Since then, the firm’s share price has fallen by more than 10 per cent.
The transactions, released by the news service of the London Stock Exchange, show Kingspan’s chief executive Gene Murtagh made a £3.1million profit.
Two executive directors, Gilbert McCarthy and Peter Wilson, made £1.8million and £1.6million respectively. The trades happened in September and October, before the inquiry started investigating the insulation manufacturer’s role in the disaster.
The shares were bought by the directors for just 13 euro cents each, as part of bonus schemes in 2008 and 2017, and all sold for more than 76 euros. From November 5, the inquiry heard evidence that Ireland-based Kingspan and other companies had ‘pushed hazardous products into the marketplace and sought to
market them dishonestly’. It emerged that Kingspan had withdrawn fire safety certificates which helped sell the type of foam insulation used on Grenfell just days before the inquiry began examining its conduct.
It confirmed that the version of the material tested was ‘not representative’ of the product it had been selling for almost 15 years.
Karim Mussilhy, whose uncle Hesham Rahman died in the fire, said he was outraged by the revelations.
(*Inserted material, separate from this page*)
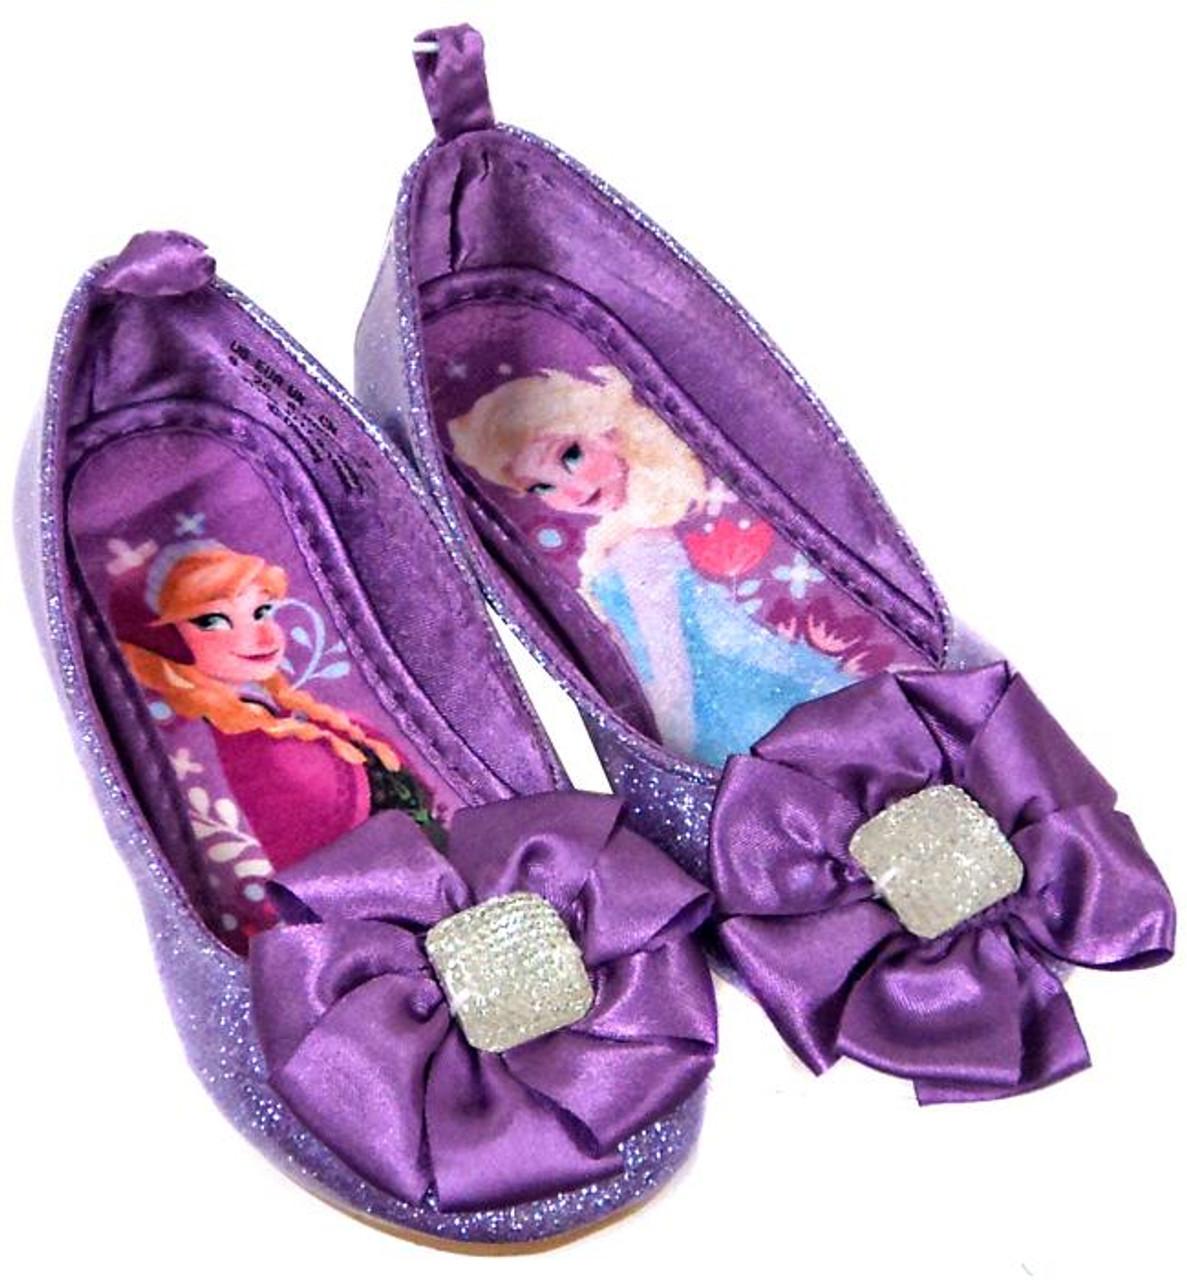 Disney Frozen Purple Anna & Elsa Exclusive Dress Up Toy [Size 8]

He told The Guardian: ‘These directors, to this day, are still profiting from these dangerous products that should never have been out there in the market in the first place. £1.6million, £1.8million, £3.1million – it’s outrageous.’
Kingspan has admitted ‘process shortcomings during the period of 2005 to 2014 for which it sincerely apologises’.
But it has stressed that the bulk of the insulation was provided by a rival manufacturer, Celotex, and said a failed fire test ‘means that the cladding system as a whole has failed and does not necessarily mean that there is a problem with the insulation’.
There is no suggestion that either the firm or the directors have broken any rules or laws.
Kingspan declined to comment.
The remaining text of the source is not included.